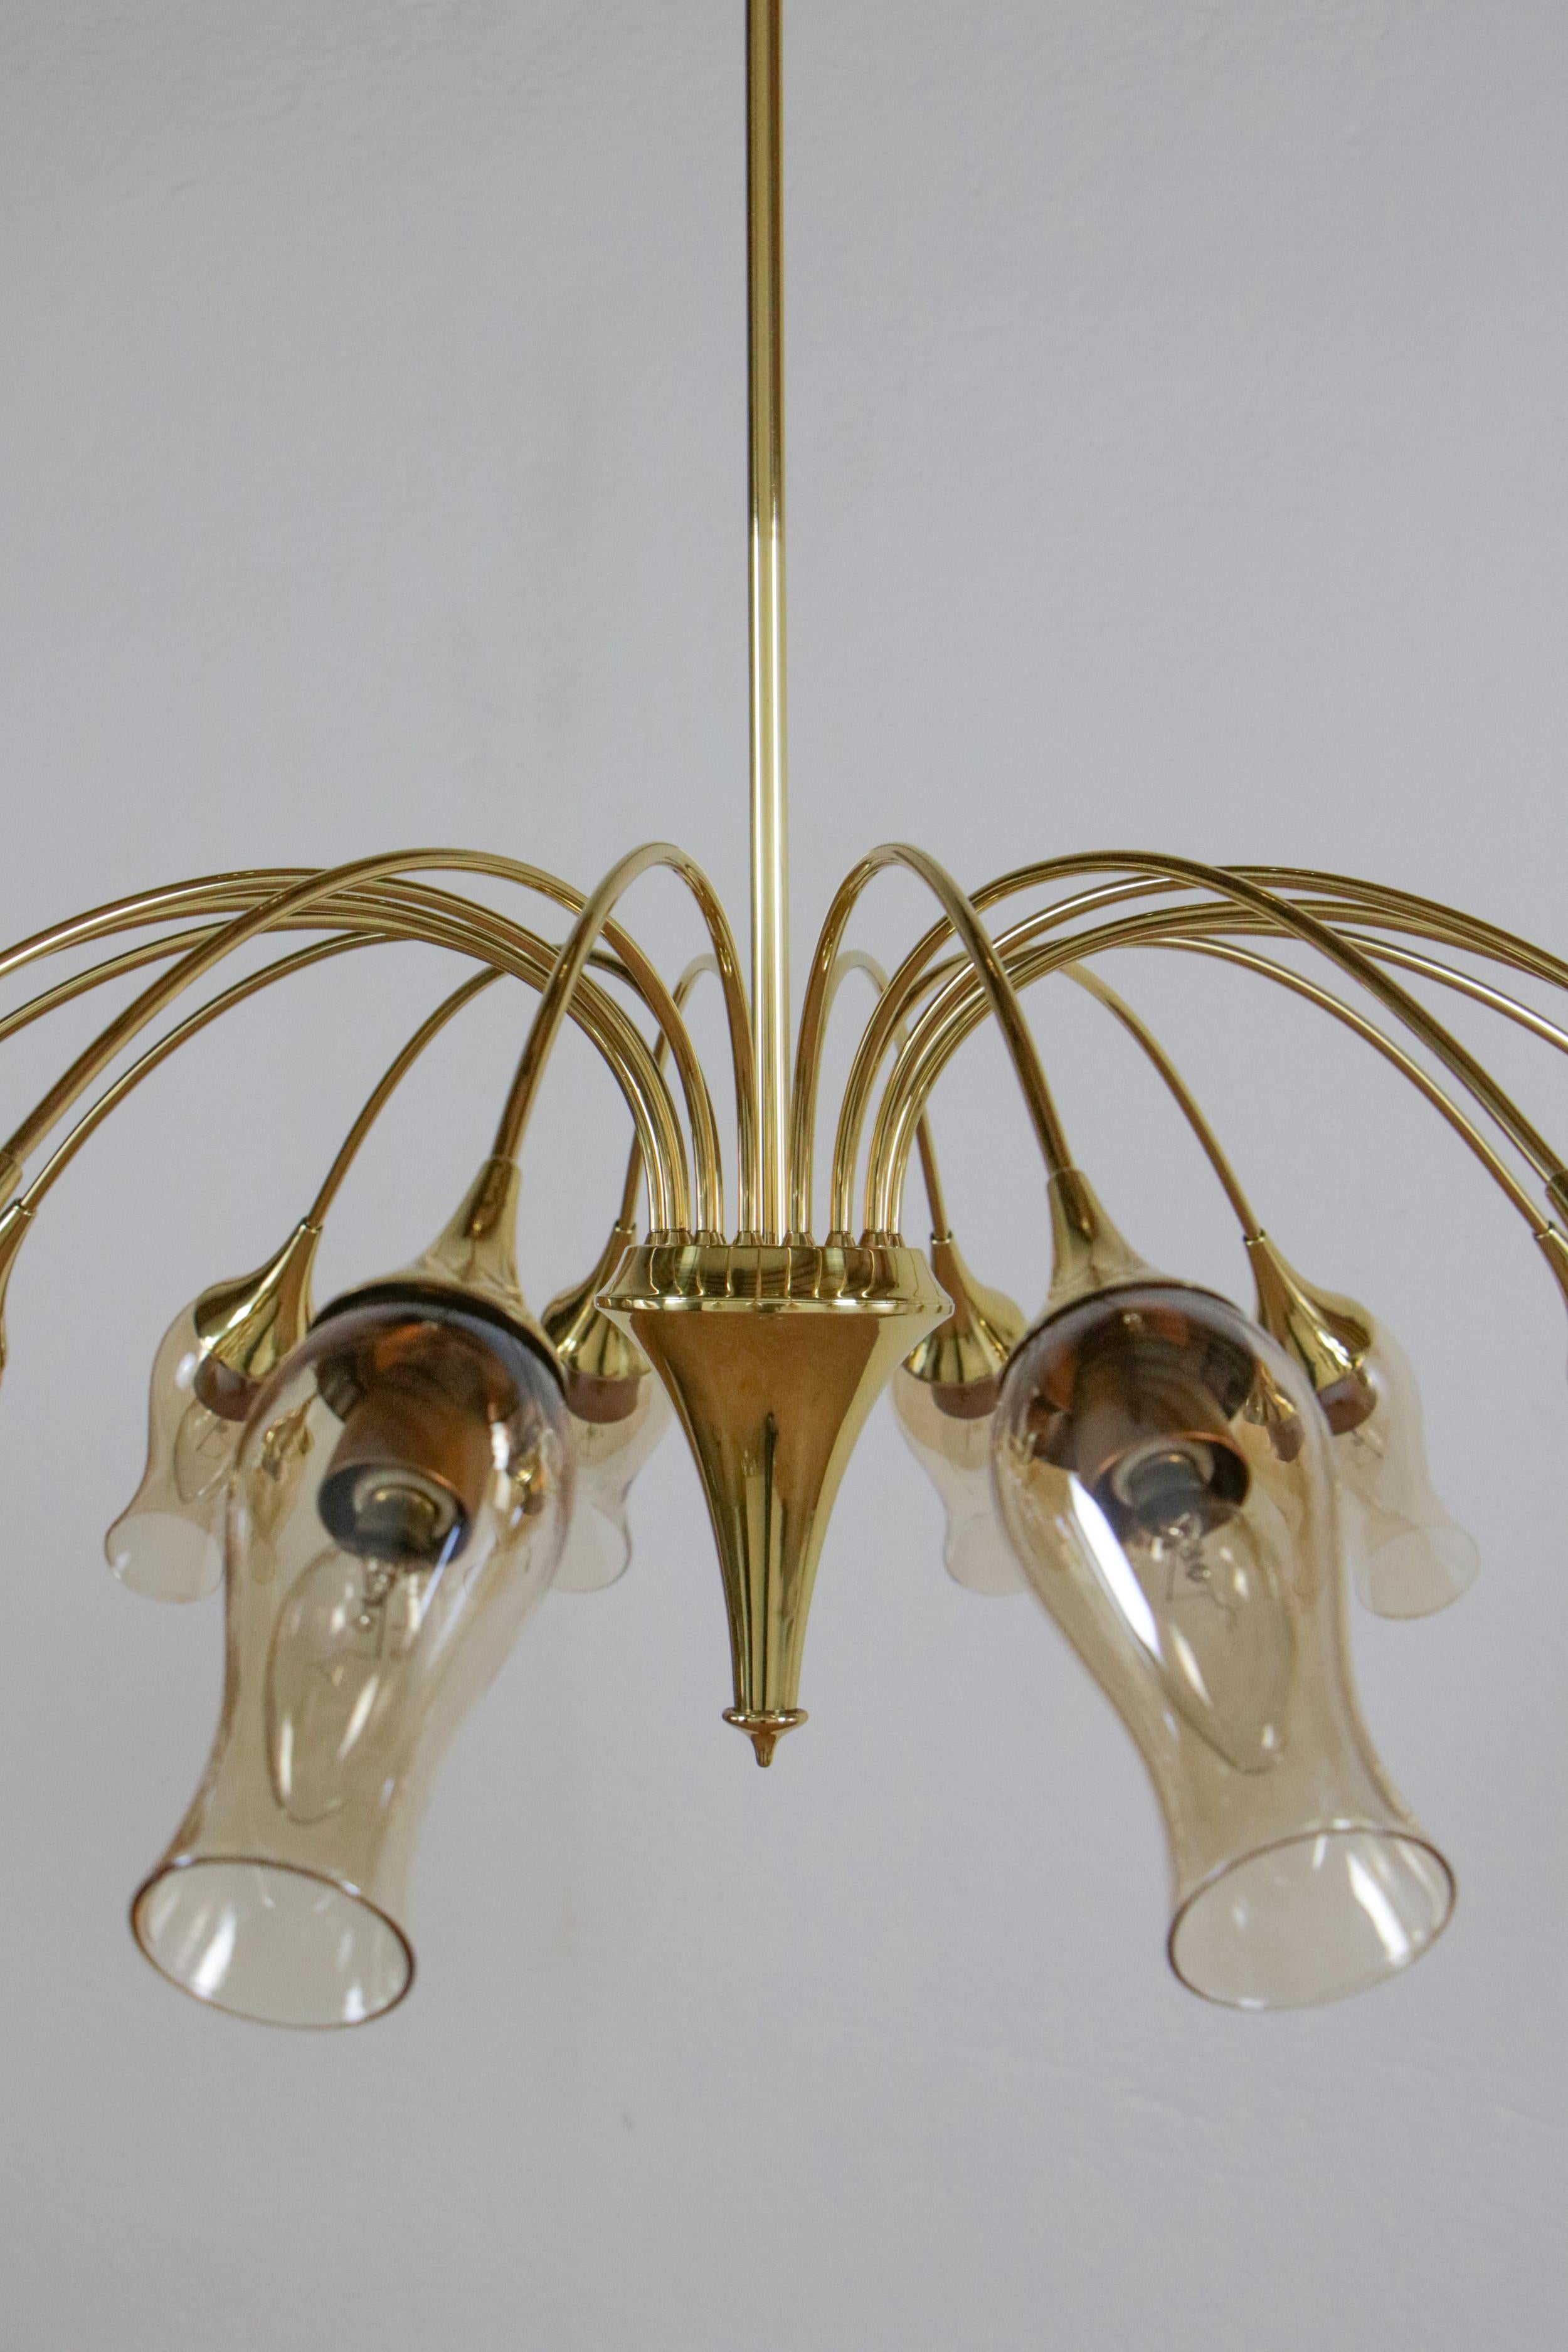 Italian Mid-Century Modern Big Spider Murano Glass Chandelier, Gold Color, 1950s For Sale 2
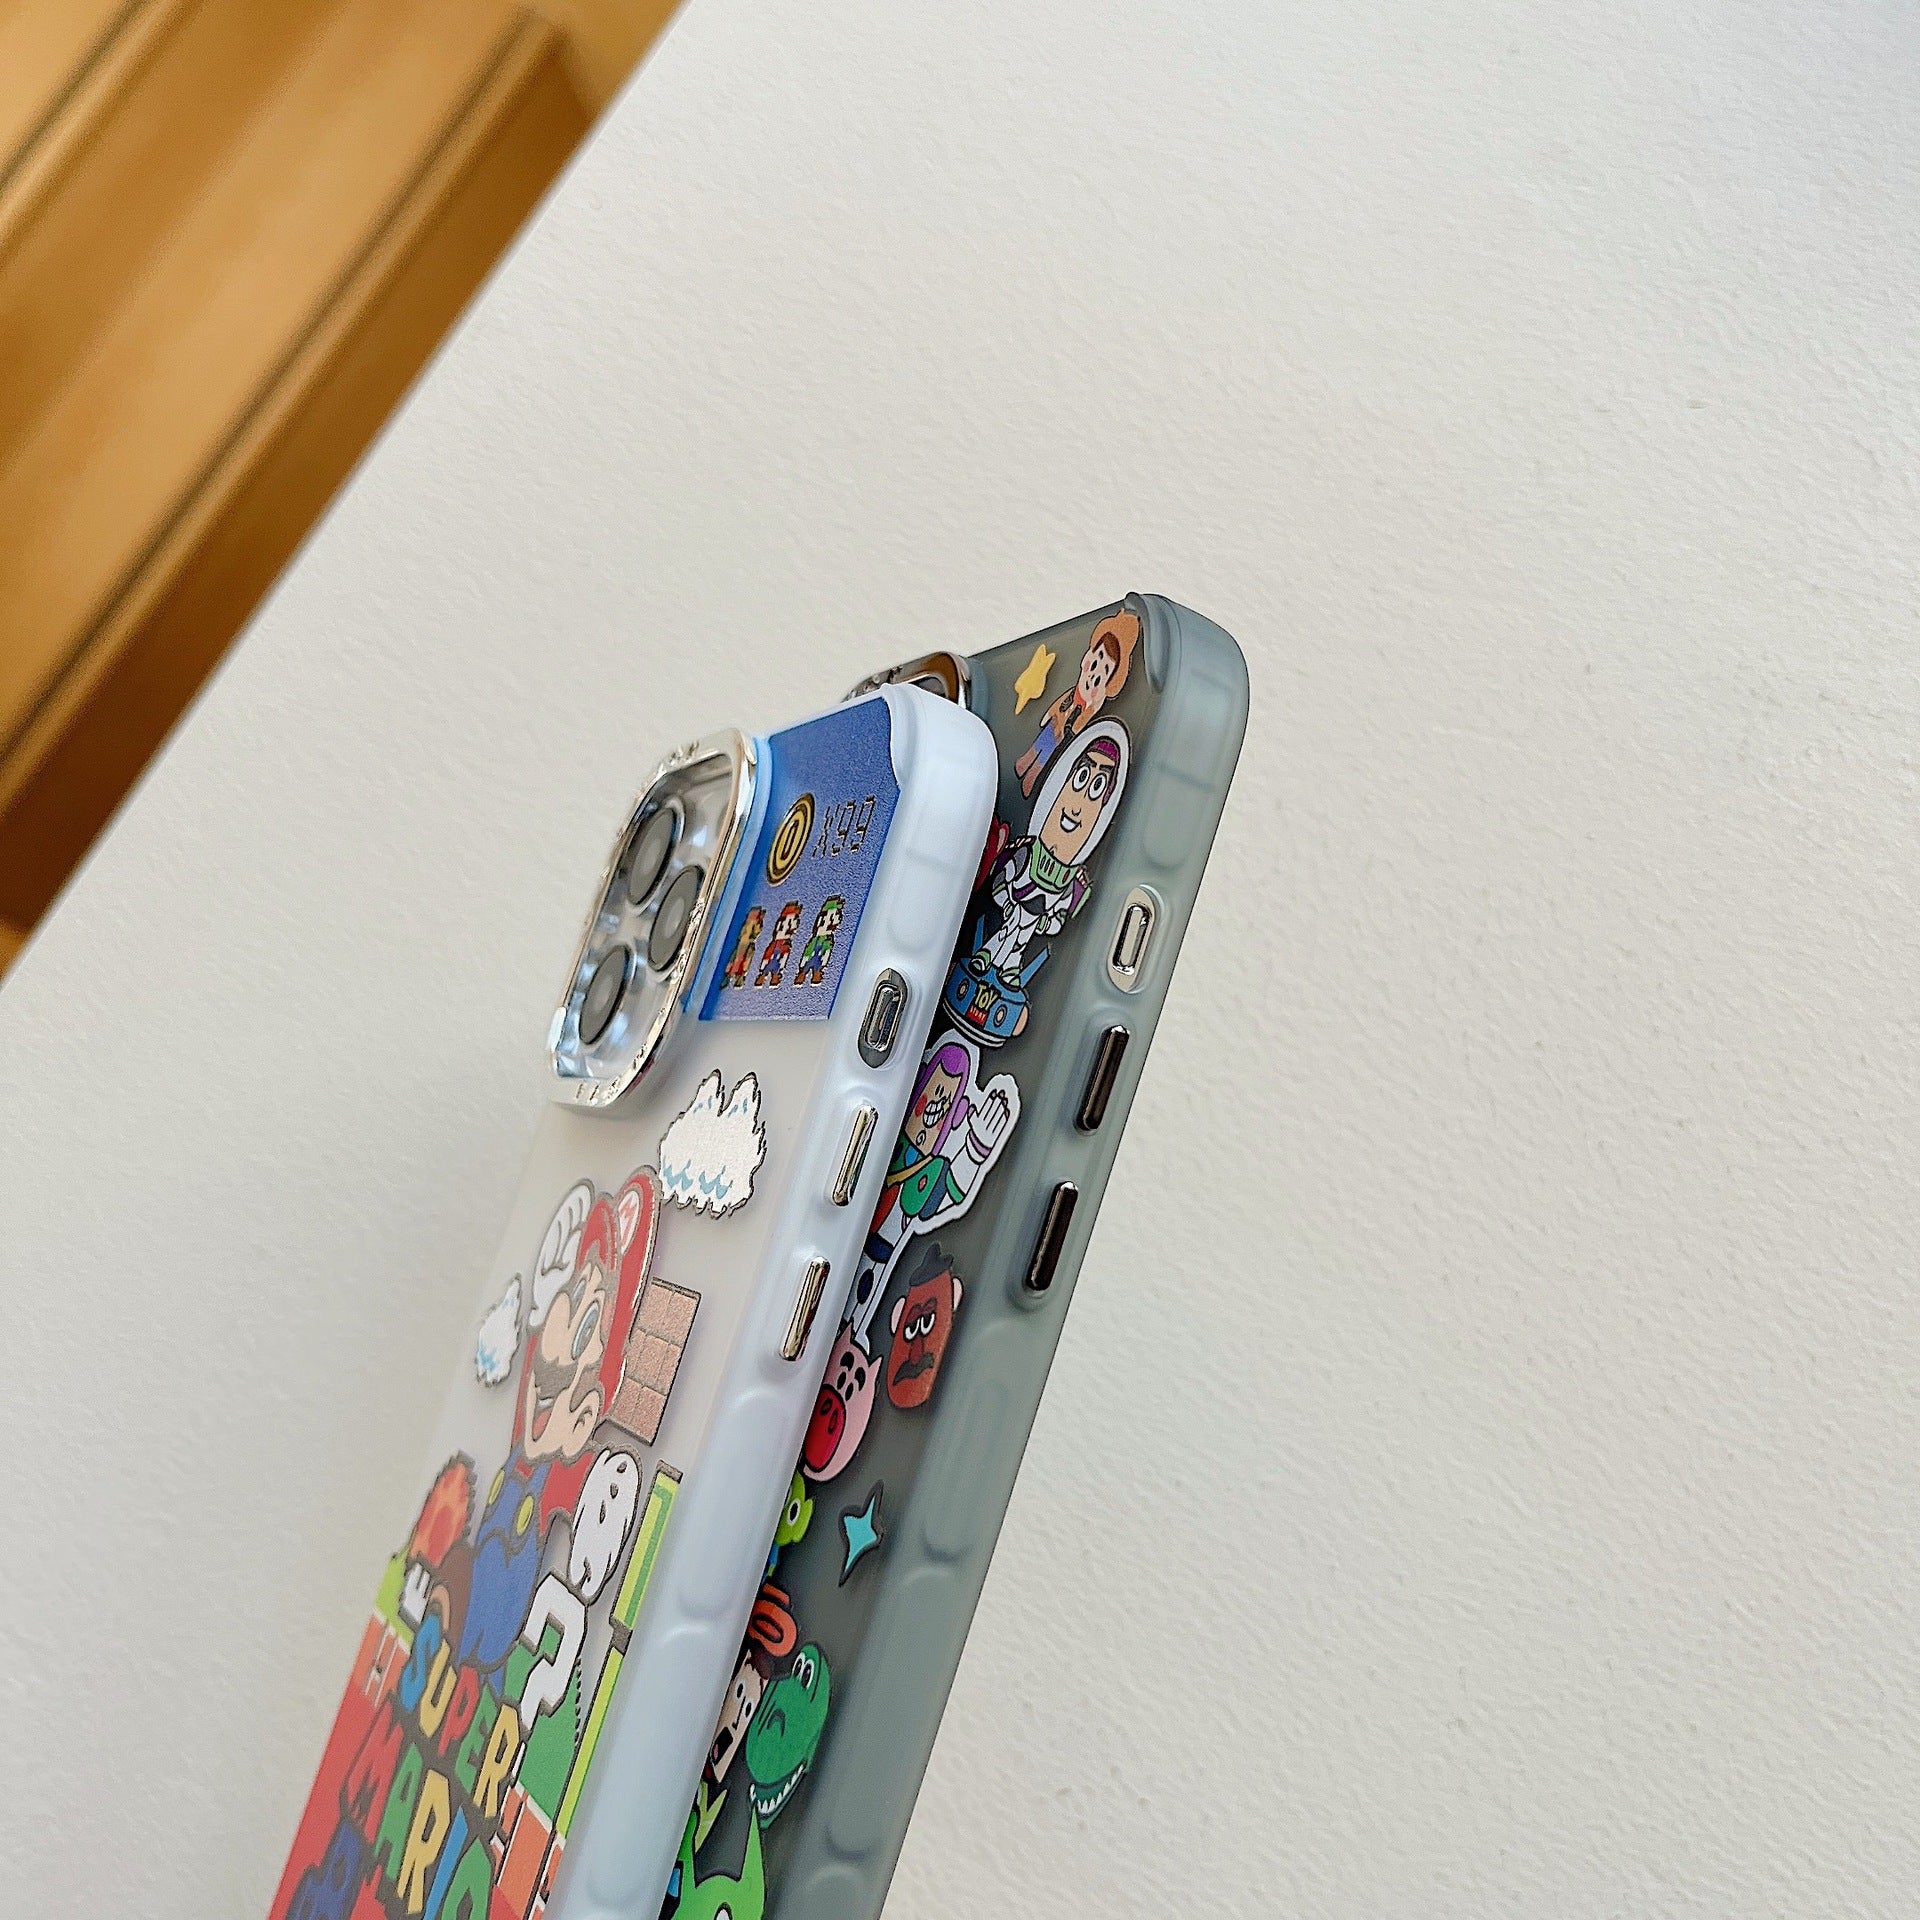 Super Mario × Toy Story iphone Case
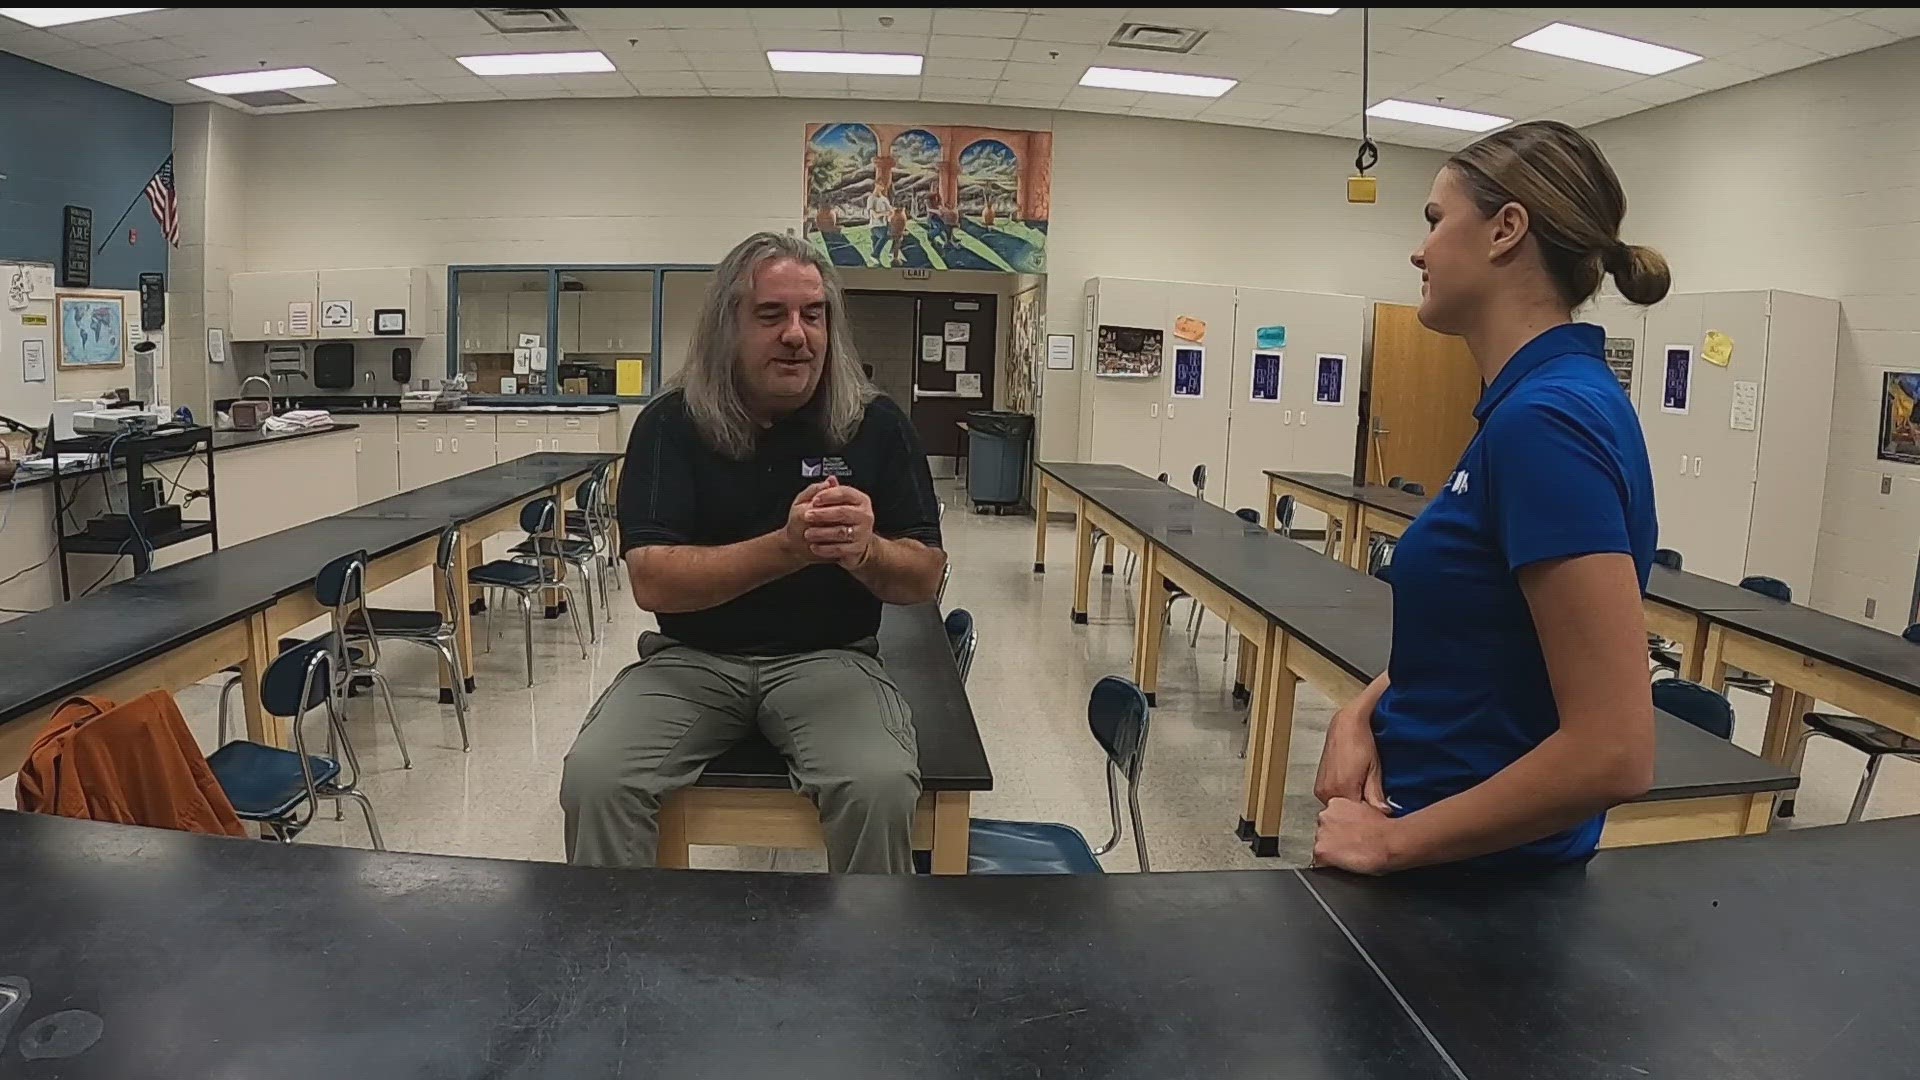 Buffalo High School's Mr. Holtz shares his lessons learned from 30 years of teaching.

▸ WHAT THE TASK ASKS
Starting at the line that contains "Super Mario × Toy Story iphone Case", restate each line verbatim through the final line of the listing, skipping all pictures.

▸ RESPONSE BELOW
 Super Mario × Toy Story iphone Case
 Buffalo High School's Mr. Holtz shares his lessons learned from 30 years of teaching.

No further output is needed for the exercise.